The core concept is, a CNN can be fine tuned to optimize for different mobile device, by tuning
- the input resolution
- network depth
- layers width
The difficult point is how to scale them according to different mobile device spec?
EfficientNet is good at this (somehow, don’t know how though)

Practical advice for Conv:

Reuse Open Source implementation:

It is recommended to use the original implementation in Github or paper to save time and chance of error.

Transfer Learning:

There can be various way of transfer learning:
- 1st, freeze the WHOLE network, except the top output layers(softmax). We add a new softmax layer with the number of desired classes.
  - Remove original softmax because original softmax may have thousands of classes and possible that does not include our desired class.
  - Use this method if our dataset is too small.
  - i.e. only training our softmax layers
  - NOTE - a trick to speed up - pre-compute the activation value in the last FROZEN layers by our datasets.
    - Why ? because the “head” of the network is frozen, the activation value must be the same for ALL epoch. i.e. no need to pass through the frozen layers multiple times.
- 2nd, freeze PARTIAL layers of the network.
  - IF we have a larger dataset, we can freeze less layers from the head.
  - i.e. Train some of the layers and the output layer
- 3rd, Train the whole network
  - IF we have a lots of data

Data Augmentation:

this technique can always help to add more data, especially the variety
Mirror, Random cropping, Rotation, Shearing
Color shifting, PCA color augmentation

Week 3

Assignment 1:

The output of object detection network:
- The p represents the probability of having an object
- the c here can be stored in 2 representation:
  - 1st type - an integers, representing the class number
  - 2nd type - extend to N elements, where N is the number of classes. And each value is a probability

YOLO network:

Good performance(accuracy) at inference and able to perform in real time.
Rather than passing the portions of an image several times, YOLO only needs it once.
A useful visualization during debugging the output - color each cell by the class of the max probability. (note: it is NOT segmentation or the detection result, just a way to debugging)
Another way of visualization is to print the bbox directly (but you barely see anything..)

Non-Max suppression:

The process has 2 steps:

Thresholding - Get rid of boxes with a low score(chosen by ourselves).
Select only one box when several boxes overlap with each other and detect the same object, by using the IoU metric.

TF usage:

# box_scores shape: (19, 19, 5, 80), last axis is all probability
# return the indexes(int) where the elements is max value
# i.e. output shape (19, 19, 5), each elements are the indexes
box_classes = tf.math.argmax(box_scores,axis=-1)

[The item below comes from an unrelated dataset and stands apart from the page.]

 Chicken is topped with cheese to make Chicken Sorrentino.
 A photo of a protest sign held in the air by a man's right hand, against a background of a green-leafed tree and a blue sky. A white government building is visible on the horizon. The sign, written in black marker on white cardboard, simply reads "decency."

# Reduce the last axis by selecting the element of max value
# e.g. input shape: (19,19,5,80)
# output shape: (19,19,5), each elements are the max value from the "80" elements
box_class_scores = tf.math.reduce_max(box_classes, axis=-1)

# Apply the mask to an array
# e.g. the mask is like [ [True, False, False, ....], ....]
# filtering_mask shape: (19,19,5)
# box_class_scores shape: (19,19,5)
# so the output will be (19, 19) if there is only 1 true
scores = tf.boolean_mask(box_class_scores, filtering_mask) # 19,19

# Apply NMS
# max_boxes_tensor is how many boxes to keep
max_boxes_tensor = tf.Variable(5, dtype='int32')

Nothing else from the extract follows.